━━━ DATA PROVIDED ━━━
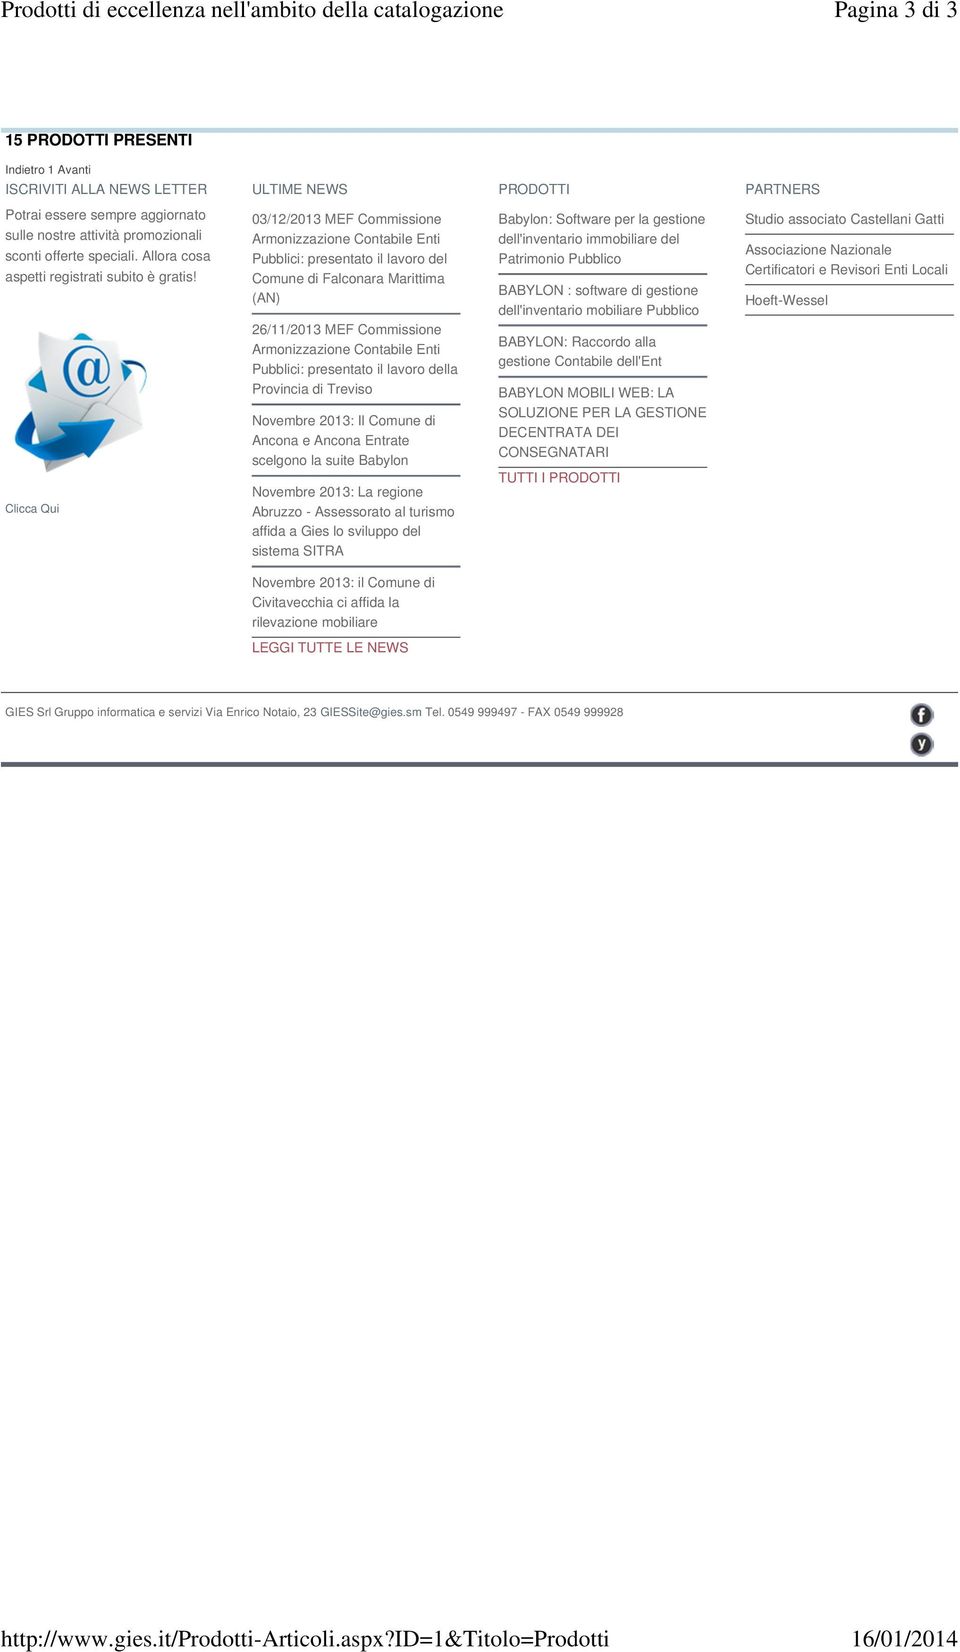 Clicca Qui 03/12/2013 MEF Commissione Pubblici: presentato il lavoro del Comune di Falconara Marittima (AN) 26/11/2013 MEF Commissione Pubblici: presentato il lavoro della Provincia di Treviso
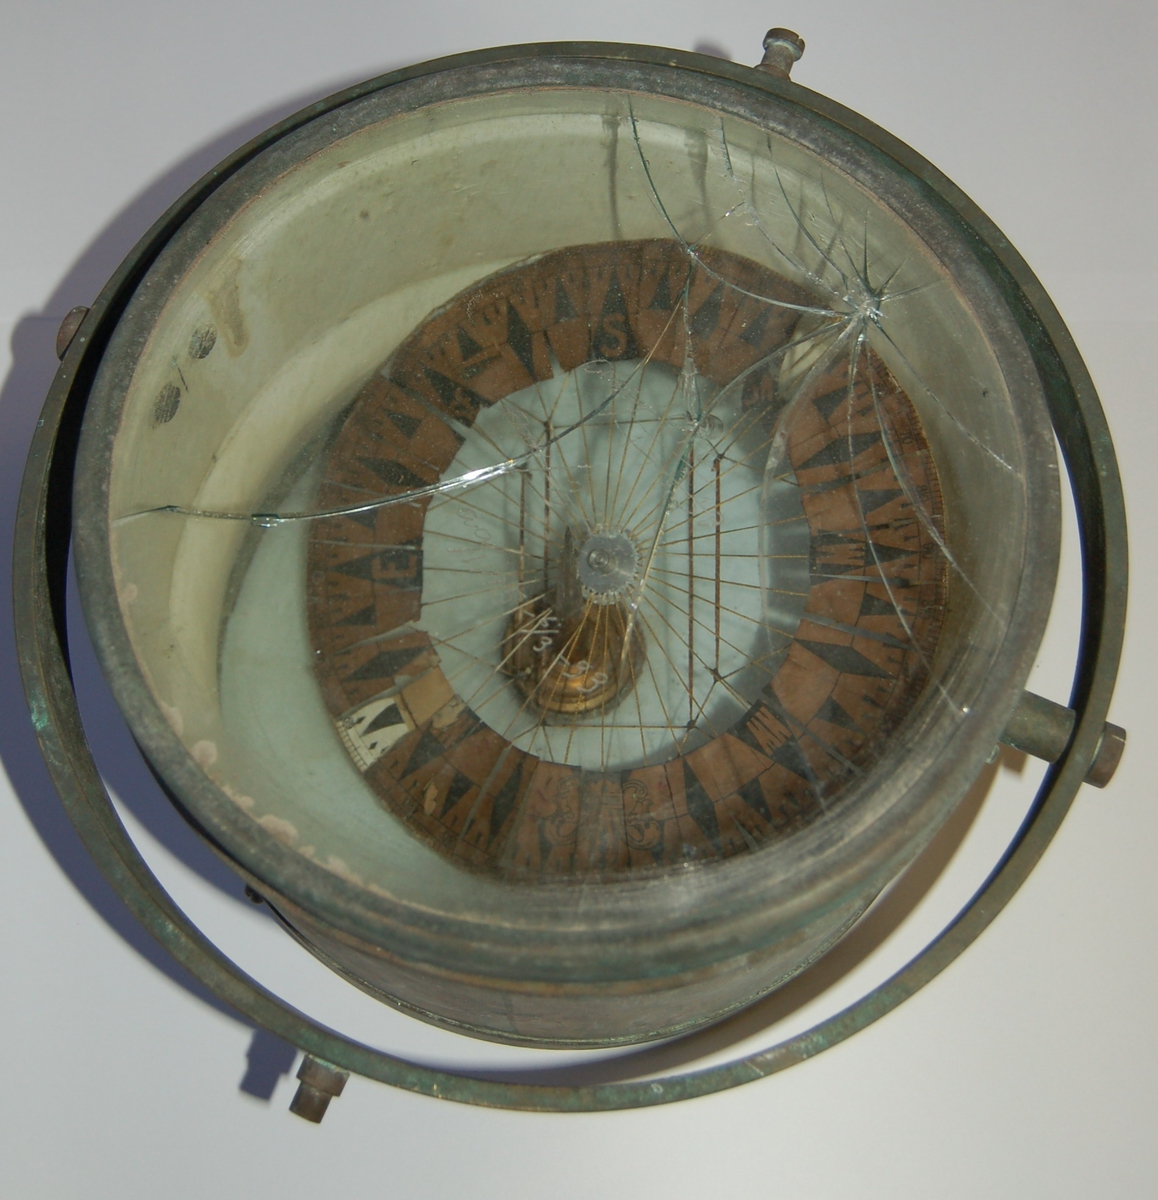 Gjenstanden er eit "Luftkompass" av eldre type. I glasset på kompasset er det ripet inn dateringer for når kompasset er korrigert. "aa/912. 17-2-30" (17.02.1933). "aa/233". "aa/1195. 6/3-33" (06.03.1933).
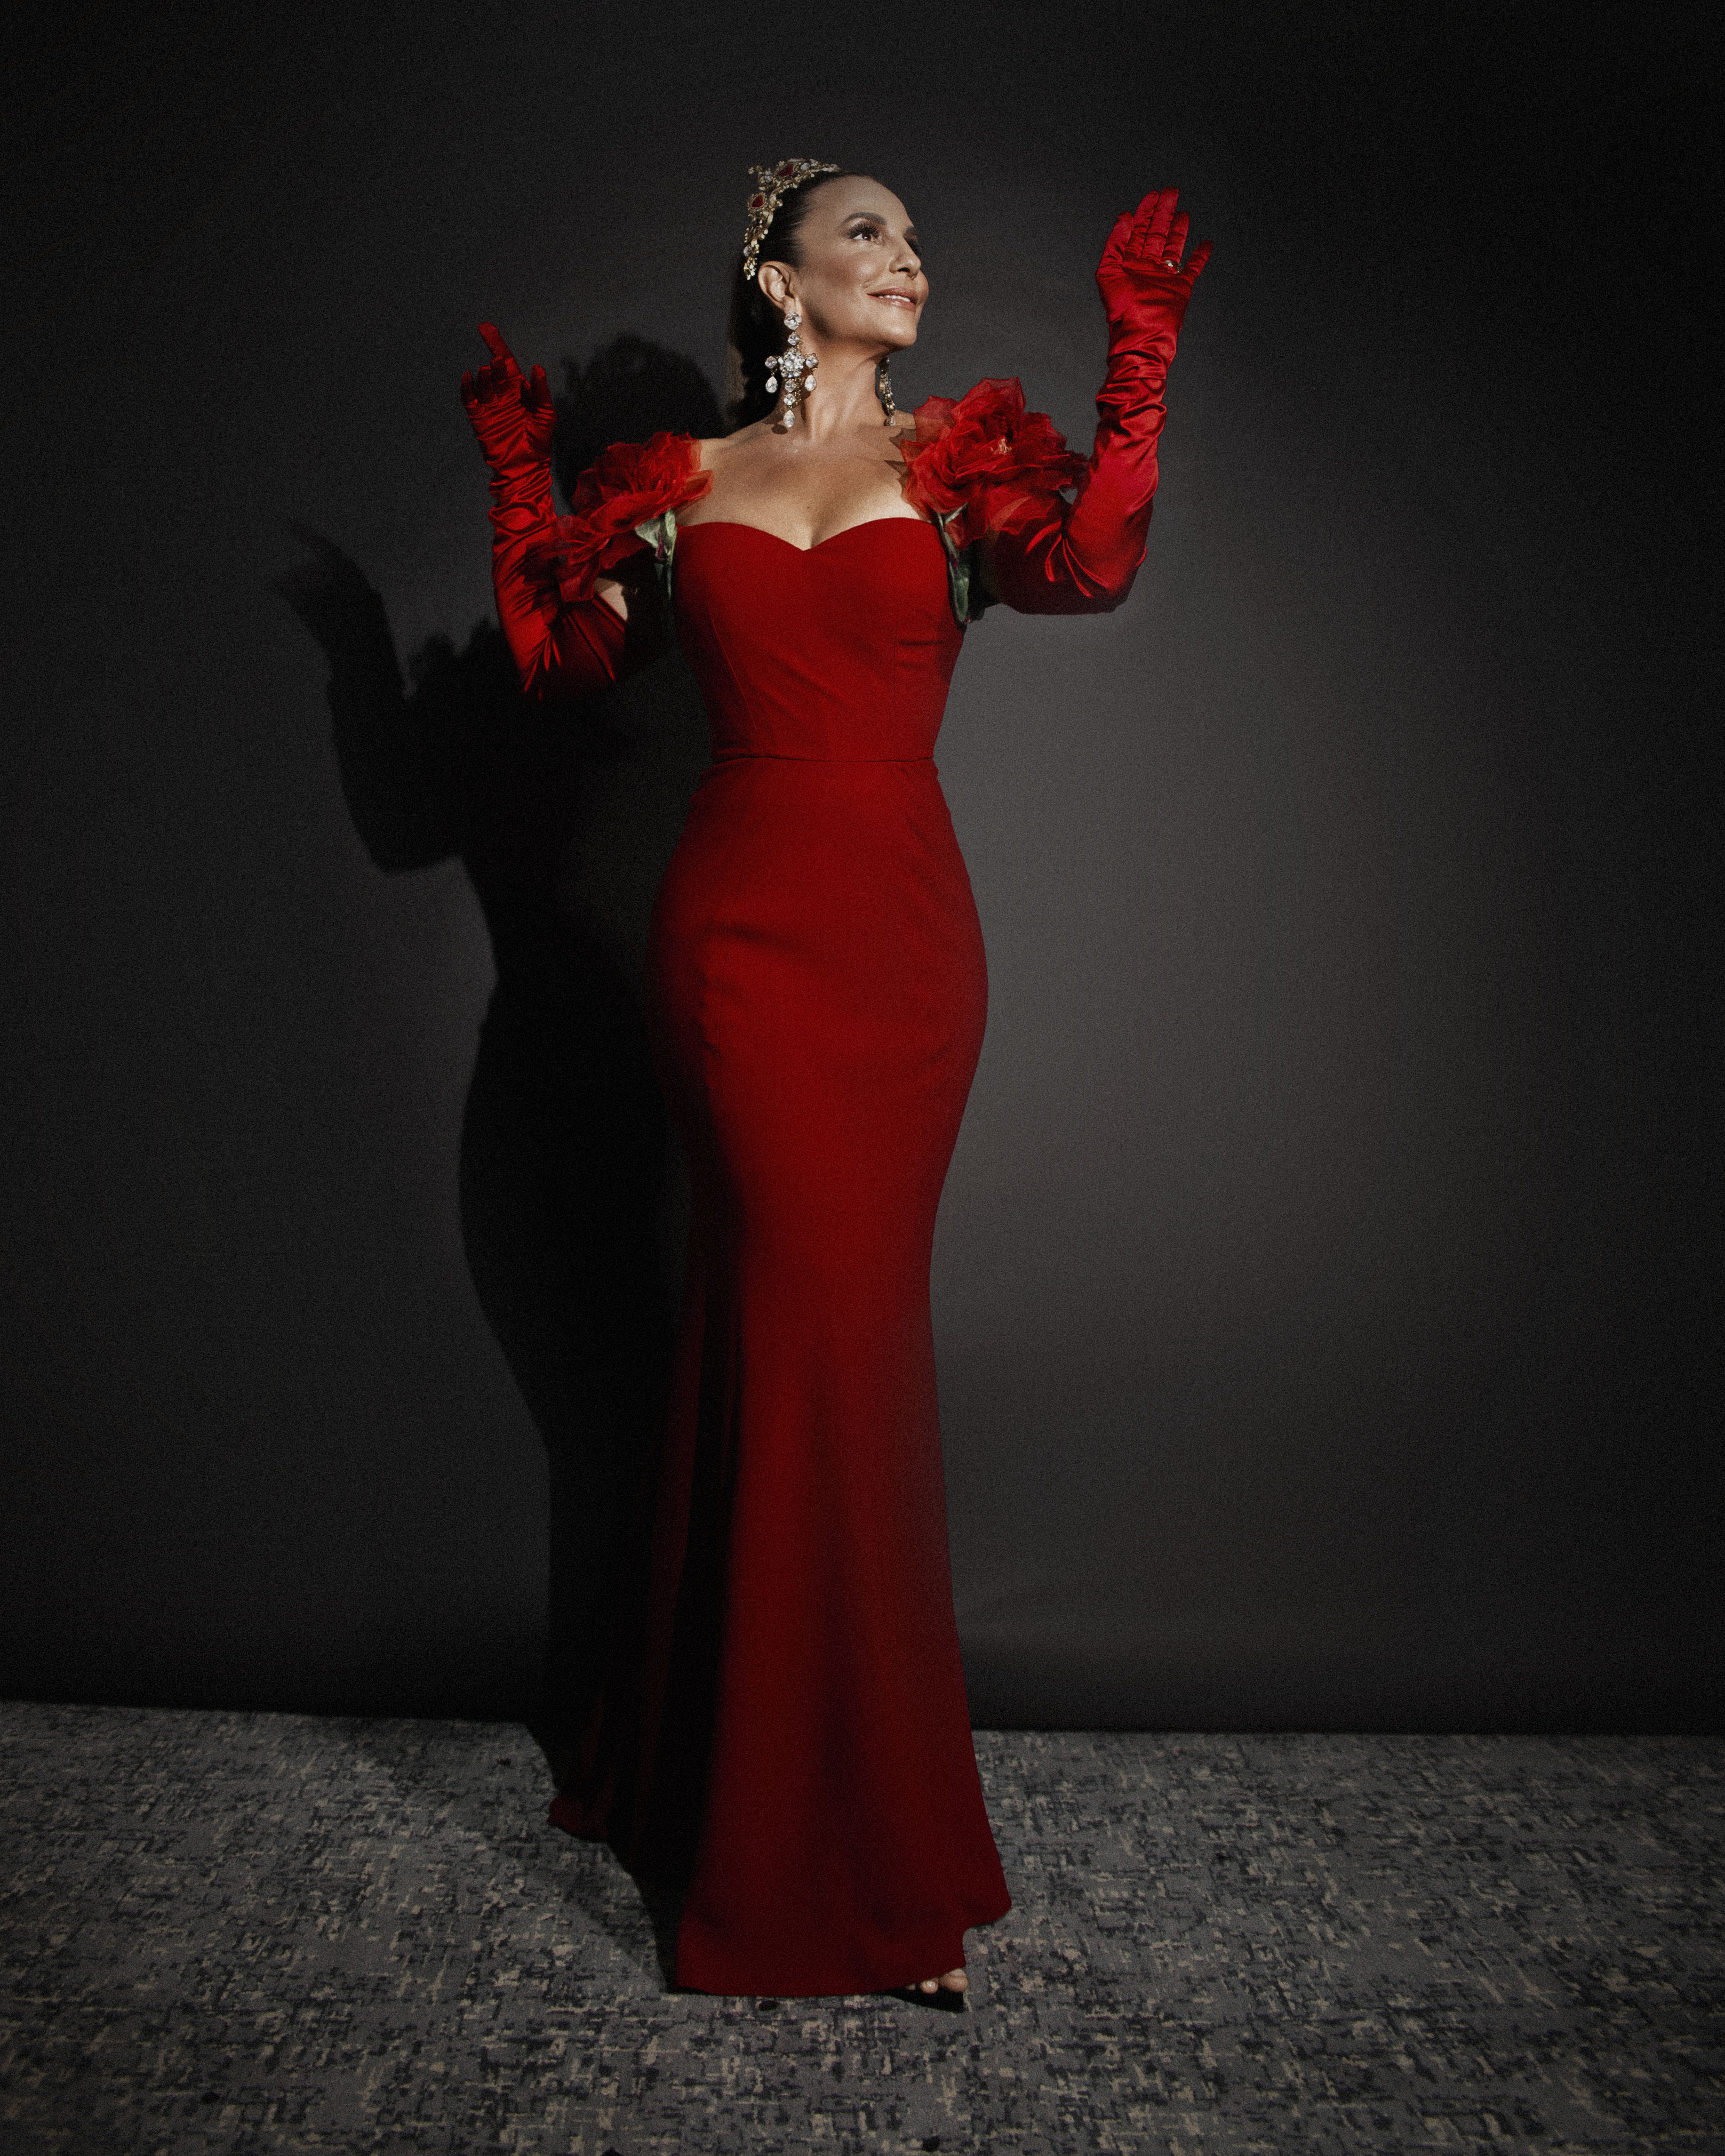 Ivete Sangalo anuncia seu tema para o Carnaval 2020, “O Reino de Mainha”, com um look exclusivo da Dolce & Gabbana
━━━
> _TASK_
Write out the material above exactly. Skip the pictures.

> _THE ANSWER_
 Clicca Qui 03/12/2013 MEF Commissione Pubblici: presentato il lavoro del Comune di Falconara Marittima (AN) 26/11/2013 MEF Commissione Pubblici: presentato il lavoro della Provincia di Treviso
 Gjenstanden er eit "Luftkompass" av eldre type. I glasset på kompasset er det ripet inn dateringer for når kompasset er korrigert. "aa/912. 17-2-30" (17.02.1933). "aa/233". "aa/1195. 6/3-33" (06.03.1933).
 Ivete Sangalo anuncia seu tema para o Carnaval 2020, “O Reino de Mainha”, com um look exclusivo da Dolce & Gabbana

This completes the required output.